• **Problem description**: As an exercise in exact copying, transcribe the lines below from the one holding "dali-sacrament-of-the-last-supper-1955.jpg" through the last, with both ends included and pictures left out.

• **Dataset extract**:
<<<<
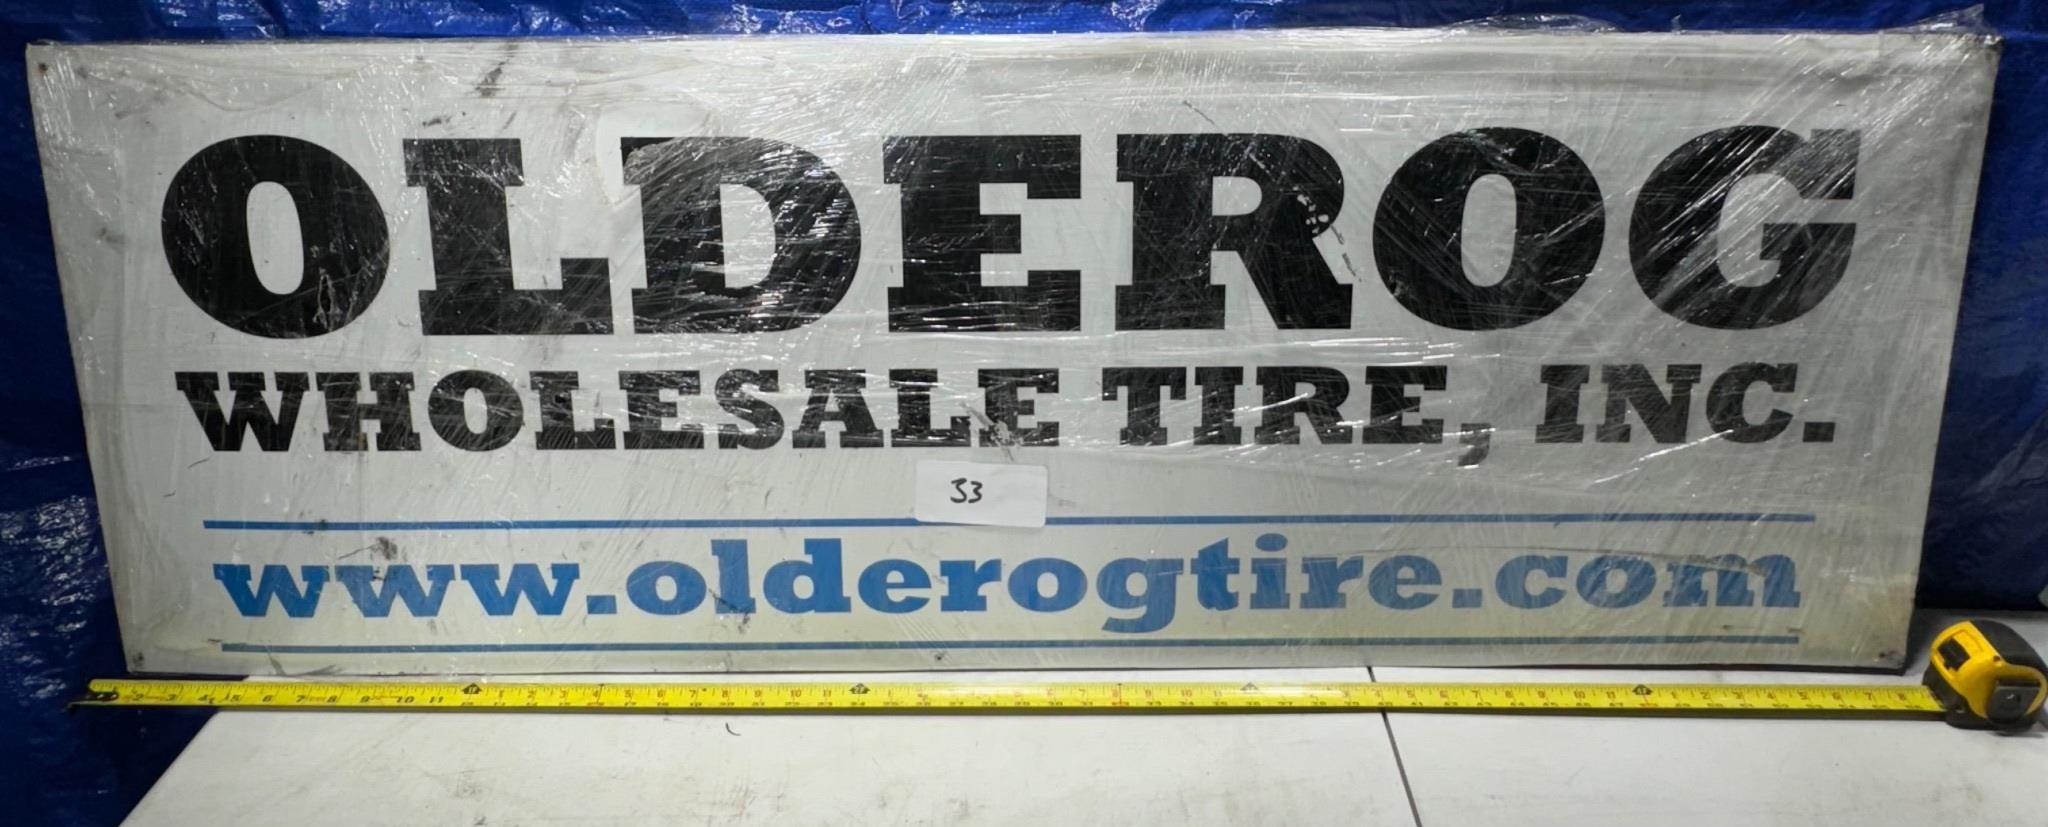 Wholesale tire sign
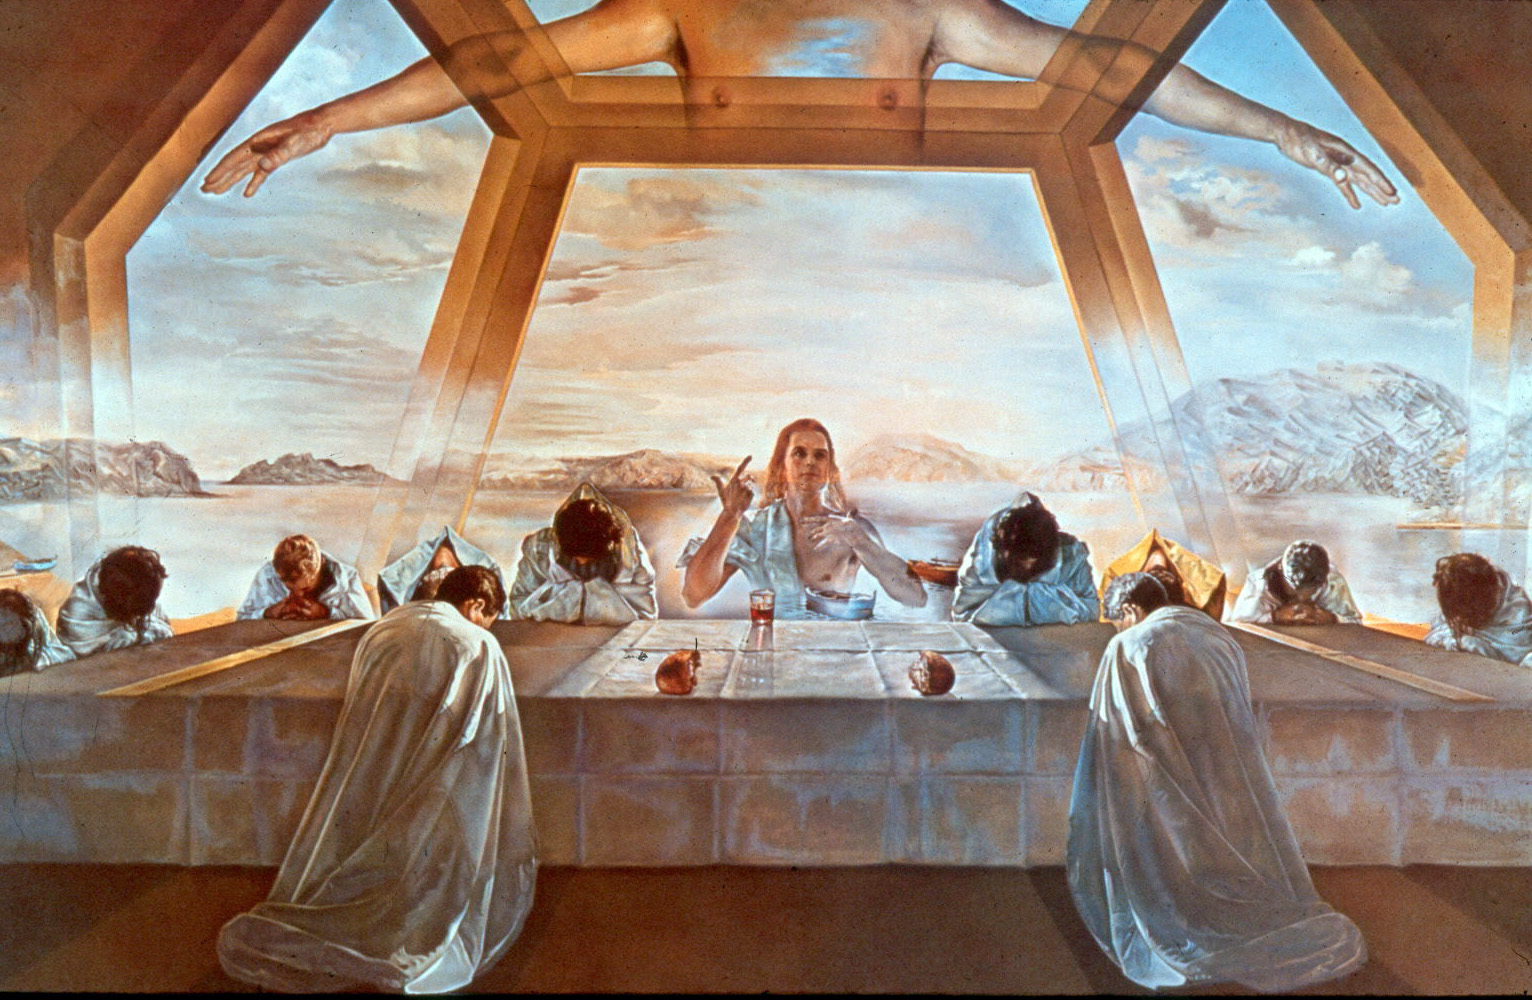 dali-sacrament-of-the-last-supper-1955.jpg
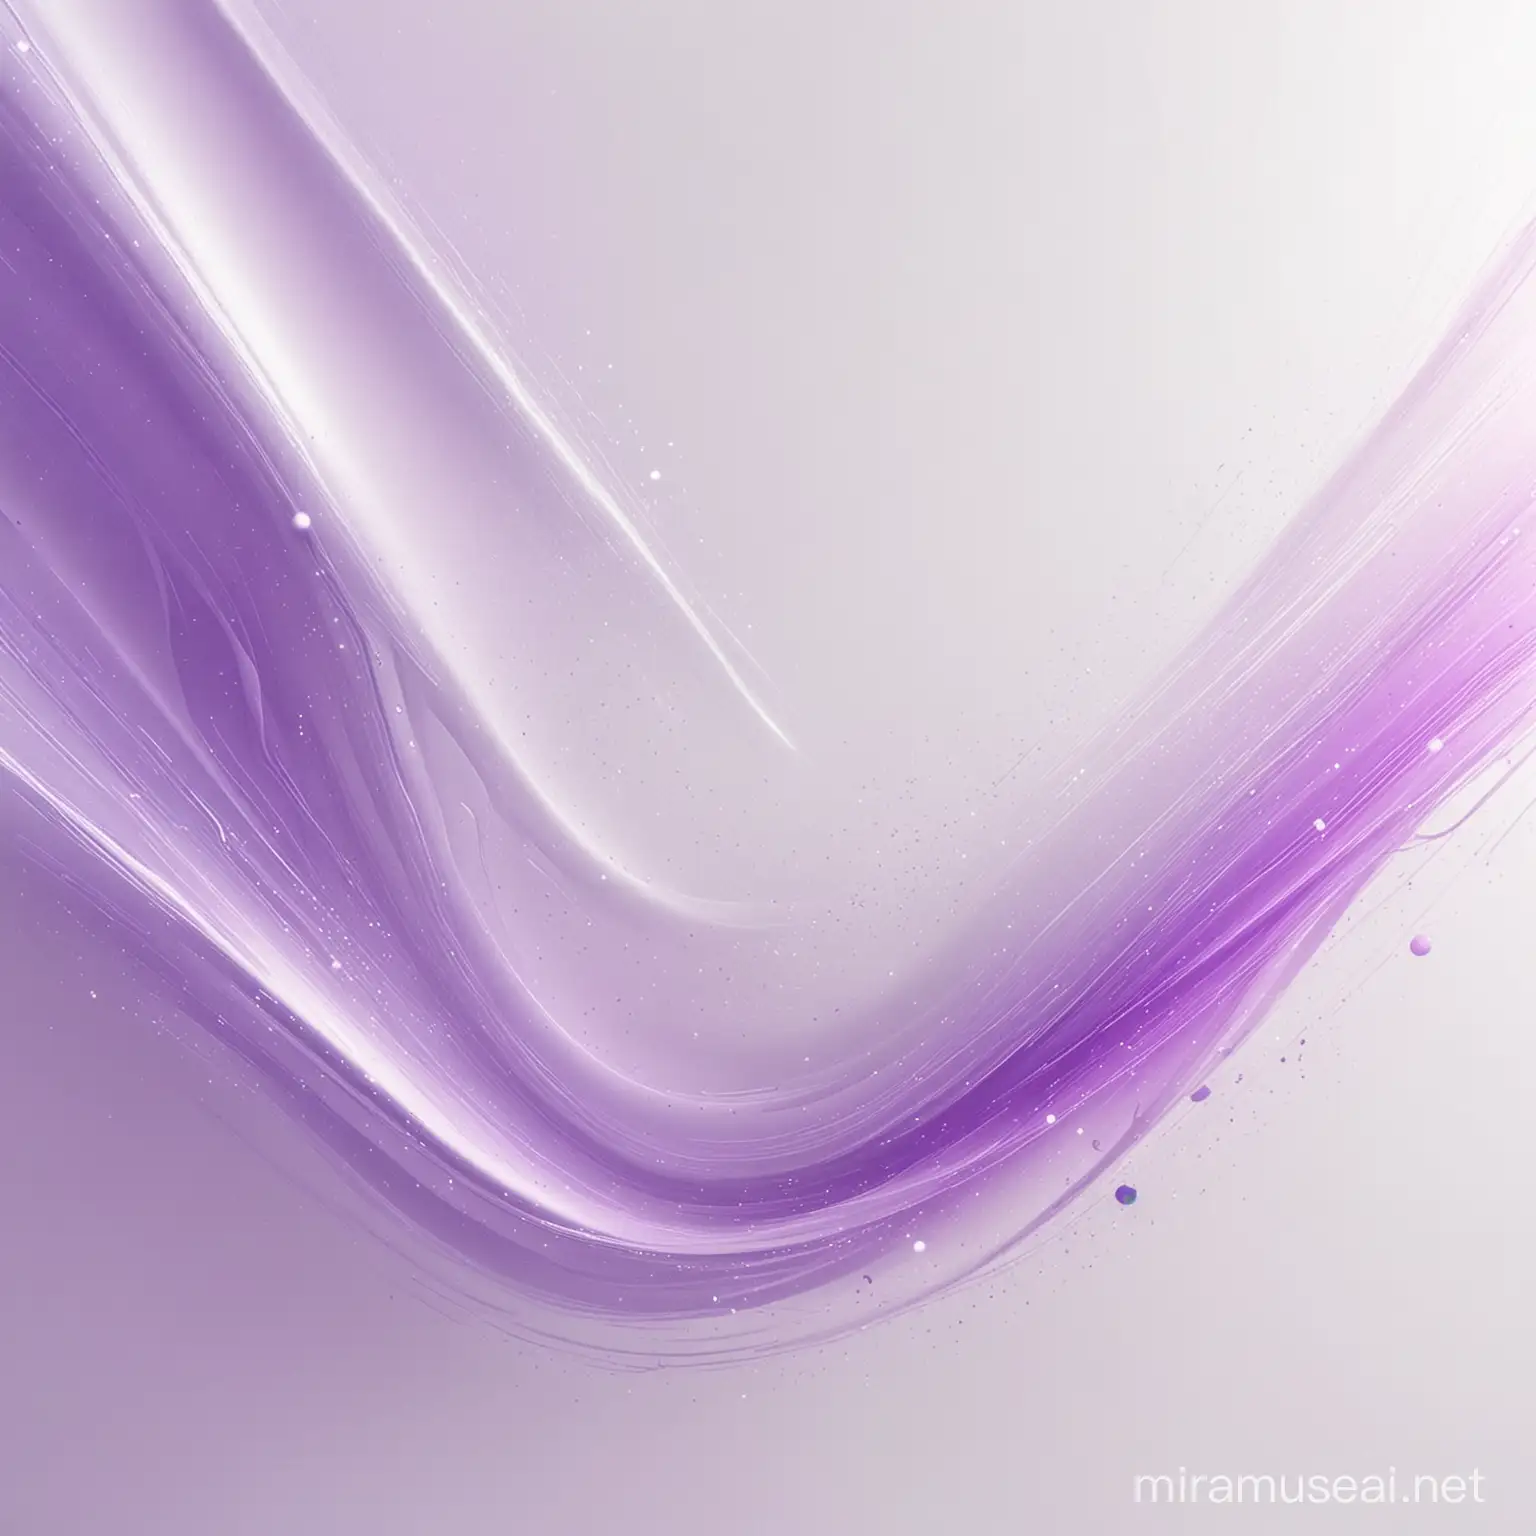 Futuristic White Background with Subtle Purple Accents
>>>>
• **Your solution**:
 dali-sacrament-of-the-last-supper-1955.jpg
 Futuristic White Background with Subtle Purple Accents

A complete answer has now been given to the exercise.